The parents of children killed in a March mass shooting at a Nashville, Tennessee, grade school are arguing in a lawsuit that written material by the shooter shouldn’t be released.

Allowing news organisations and others who have sought the records to see the writings would cause “unfathomable trauma” and give the gunman in the shooting, which killed six people, “immortality,” mother Erin Kinney wrote in a filing obtained by CNN.

Ms Kinney, whose son William, 9, died in the shooting, said she hoped to spare survivors and their families from “the unfathomable trauma of encountering sensitive material about the deaths of their siblings, friends, teachers; and most certainly to protect them from ever encountering the hateful, diseased words of the monster who slaughtered six human beings in their school.”

Katy and Michael Dieckhaus, whose daughter Evelyn, 9, was also killed, said they hoped the records wouldn’t be made public as well.

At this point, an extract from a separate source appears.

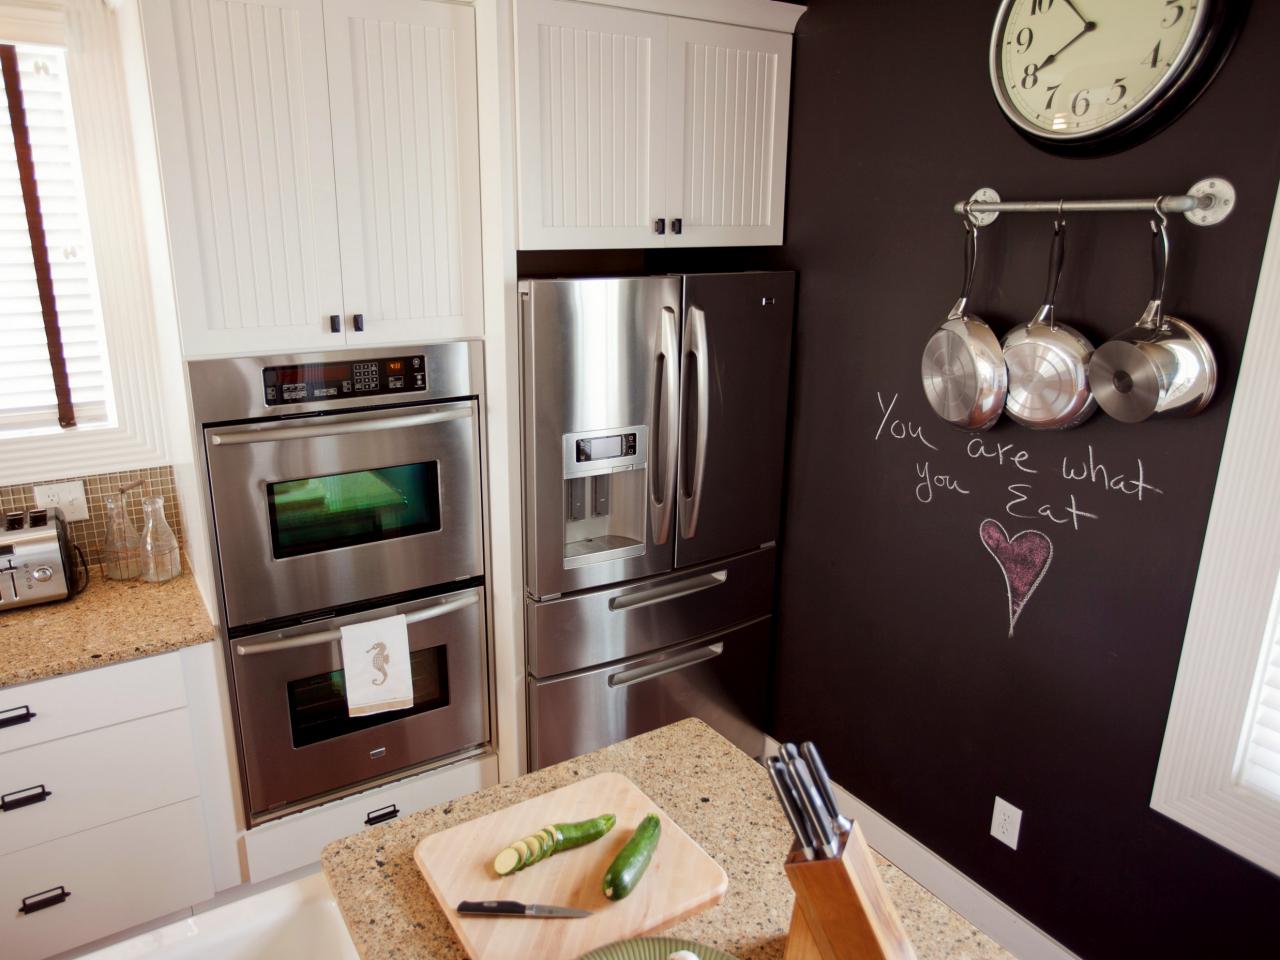 How To Paint A Kitchen Chalkboard Wall - Chalk Wall In Kitchen - HD Wallpaper

“As one of the families going through such deep grieving of losing their loved one – after simply dropping her off at school, we hope a more respectful, clear view can truly start to occur to help make a change that does not include releasing volumes of leverage for others planning similar devastation in this nation,” the family said in a court declaration.

Multiple, since-consolidated lawsuits, including one by the Nashville Tennessean newspaper, have sought to compel the Nashville police department to release the materials.

The paper argued in its complaint that it is seeking “to bring to light additional facts regarding this incident, societal and mental health issues, and issues regarding firearms more broadly, which have not yet been revealed through other means.”

They added that their access to the materials should be protected by the First Amendment and the state constitution, and argued that the parents don’t have standing.

The police department has denied previous requests to release the writings, claiming they’re related to an ongoing criminal investigation and could also jeopardise public safety.

The next hearing in the case is scheduled for 12 July.

The Nashville shooter, a former student at the Covenant Christian grade school where the massacre took place, was killed by police.